In both Yoruba and Bamum culture, the idea of balance of power between the sexes grants both men and women an equal degree of power, but often in different ways. Both genders have their own characteristics and qualities that empower them and neither is complete without the other. In Yoruba, gender plays a primary role in Gelede masquerade and in its custom of empowering the queen while in Bamum gender roles are articulated in palace architecture and in the custom of allowing Queen Mother to check and balance king’s power.

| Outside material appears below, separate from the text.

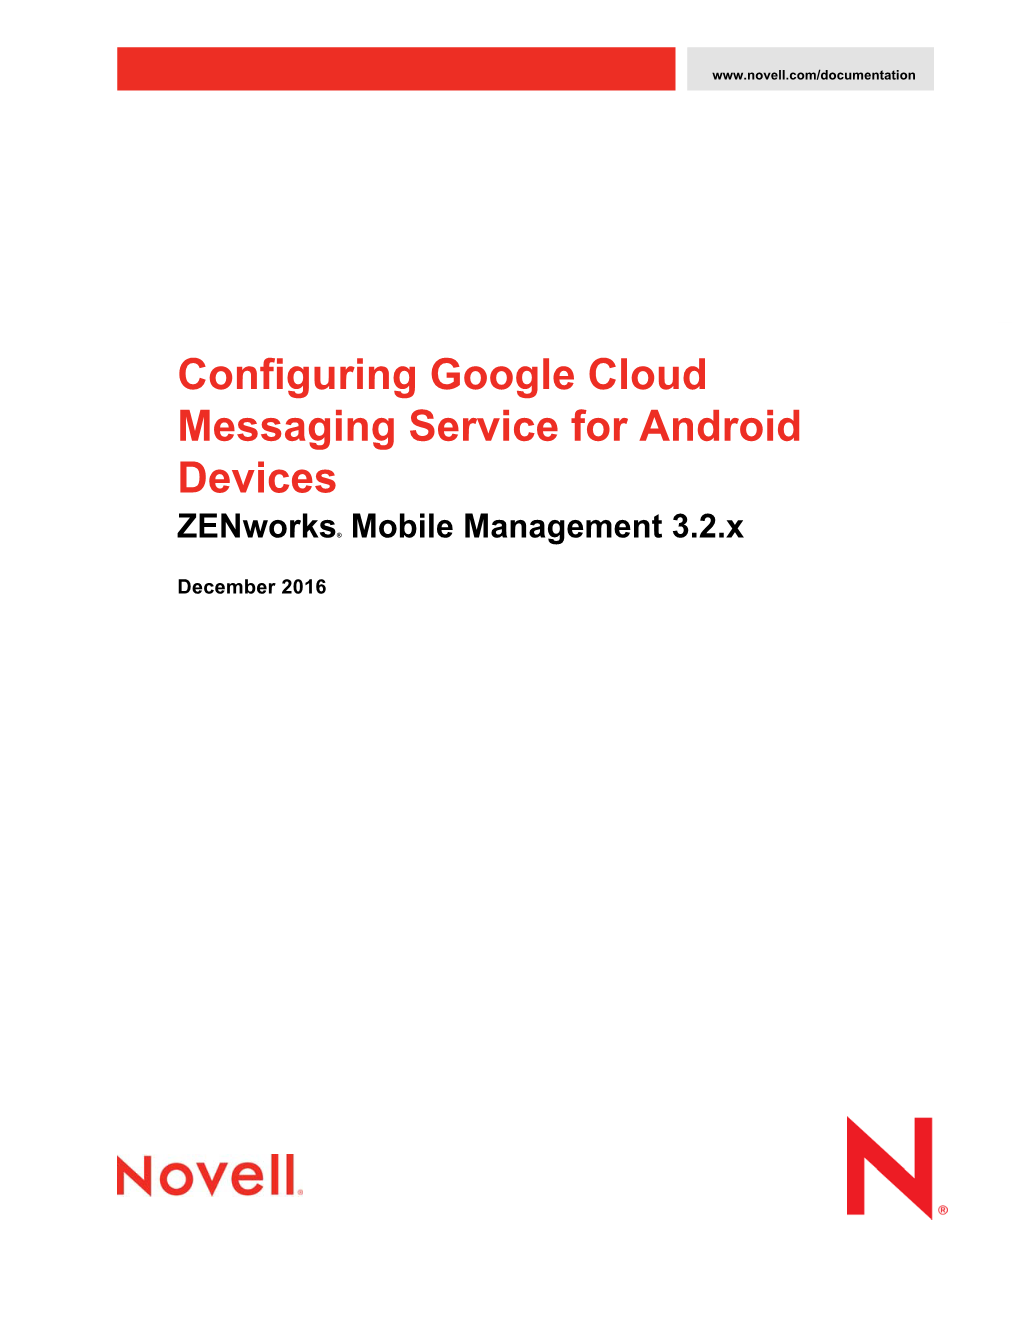 Configuring Google Cloud Messaging Service for Android Devices

Within a clear distinction of gender role, the power of women is emphasized and is articulated in concept, mask, performance, and setting of the Yoruba Gelede masquerade, which is a Yoruba festival honoring the women of the community. It is a manifestation of respect for the power of women, their life force and motherhood so that such power continues to benefit and protect the community. Gelede masks such as the Great Mother, the Spirit Bird mask, and the nocturnal mask, each representing composure, mystical form, and the inner head respectively, underscores female power. During the masquerade dancers, consisted only of males, express Yoruba ideals of male and female behaviors through dance movements. It is important to note that the performance is taken place at the market place which is considered as women’s space, for it is a center of social and economic activity for women whose common occupation it trading.
In Yoruba culture, gender role appears not only through Gelede masquerade but also in its custom of queen’s check on Oba’s power in royal palace. What cannot be done by king is often done by queen. By allowing queen to hold such power, Yoruba culture managed to maintain check and balance of power within palace. Take one of Yoruba custom for instance. King is prohibited to look into his own crown or wear it himself while queen is not. Due to such check and balance, Yoruba king’s power remains great yet fragile.